> _Given information_:
* * * * * * * * *

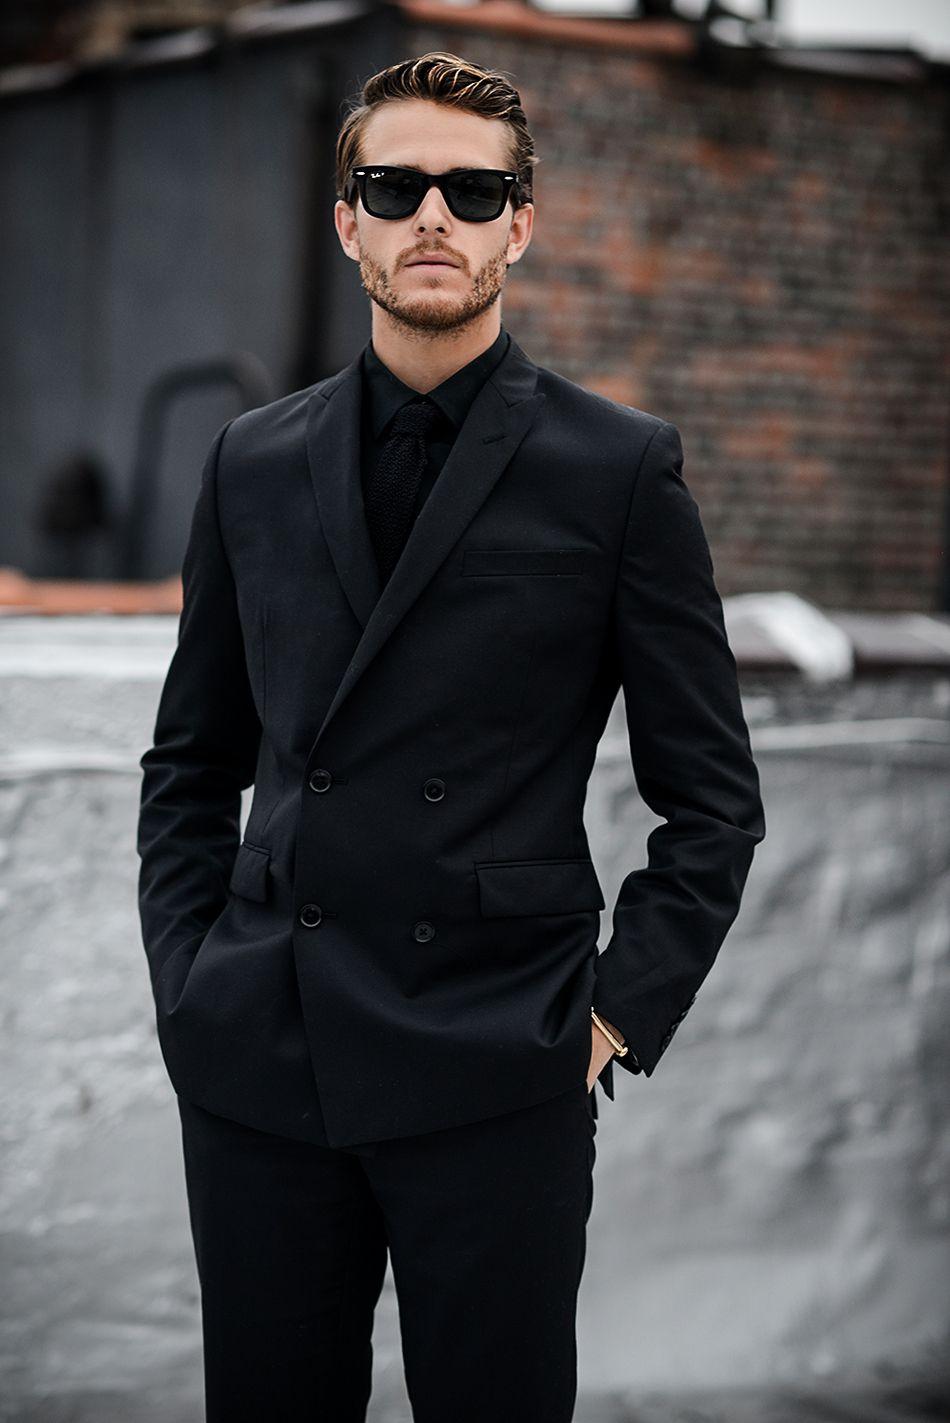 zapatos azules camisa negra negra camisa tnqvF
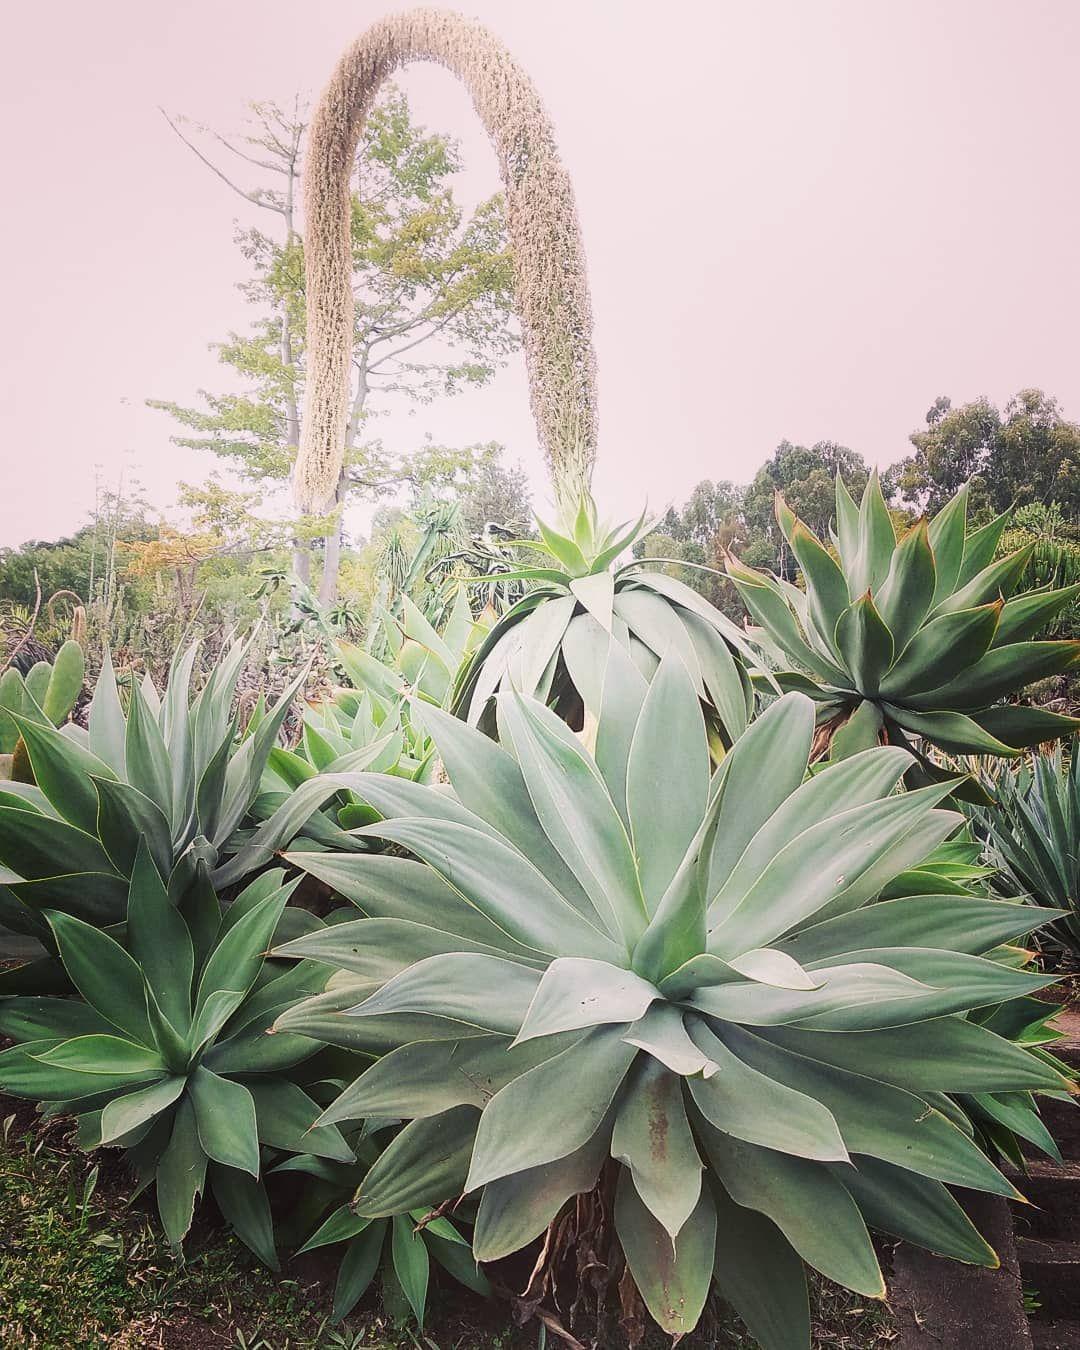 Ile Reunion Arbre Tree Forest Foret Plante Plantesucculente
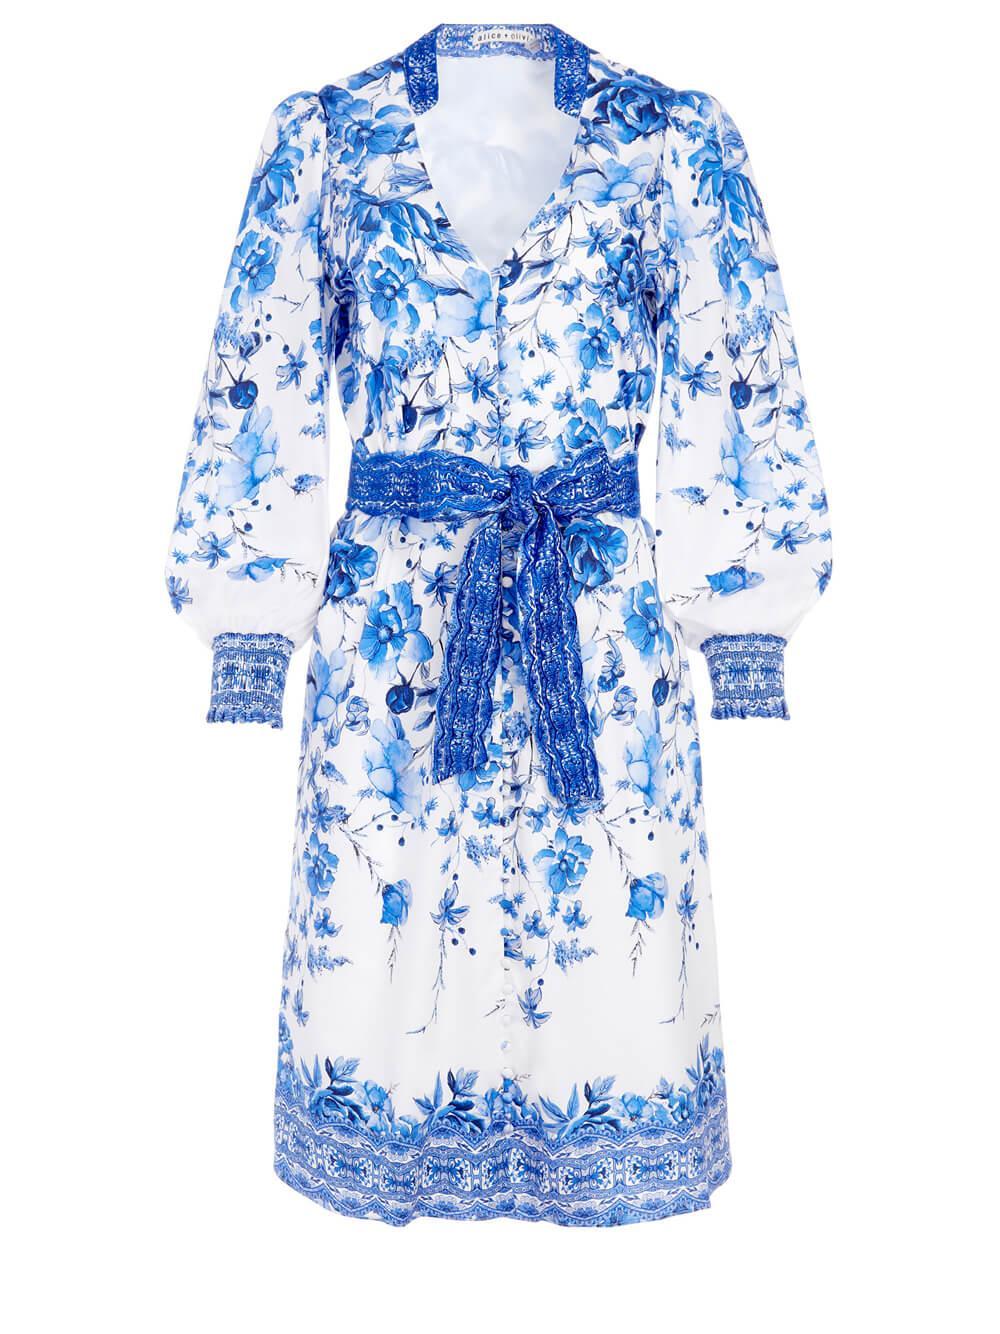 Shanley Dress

* * * * * * * * *

> _Problem to work on_: Transcribe the material exactly, leaving every picture out.

> _Result of the exercise_:
 zapatos azules camisa negra negra camisa tnqvF
 Ile Reunion Arbre Tree Forest Foret Plante Plantesucculente
 Shanley Dress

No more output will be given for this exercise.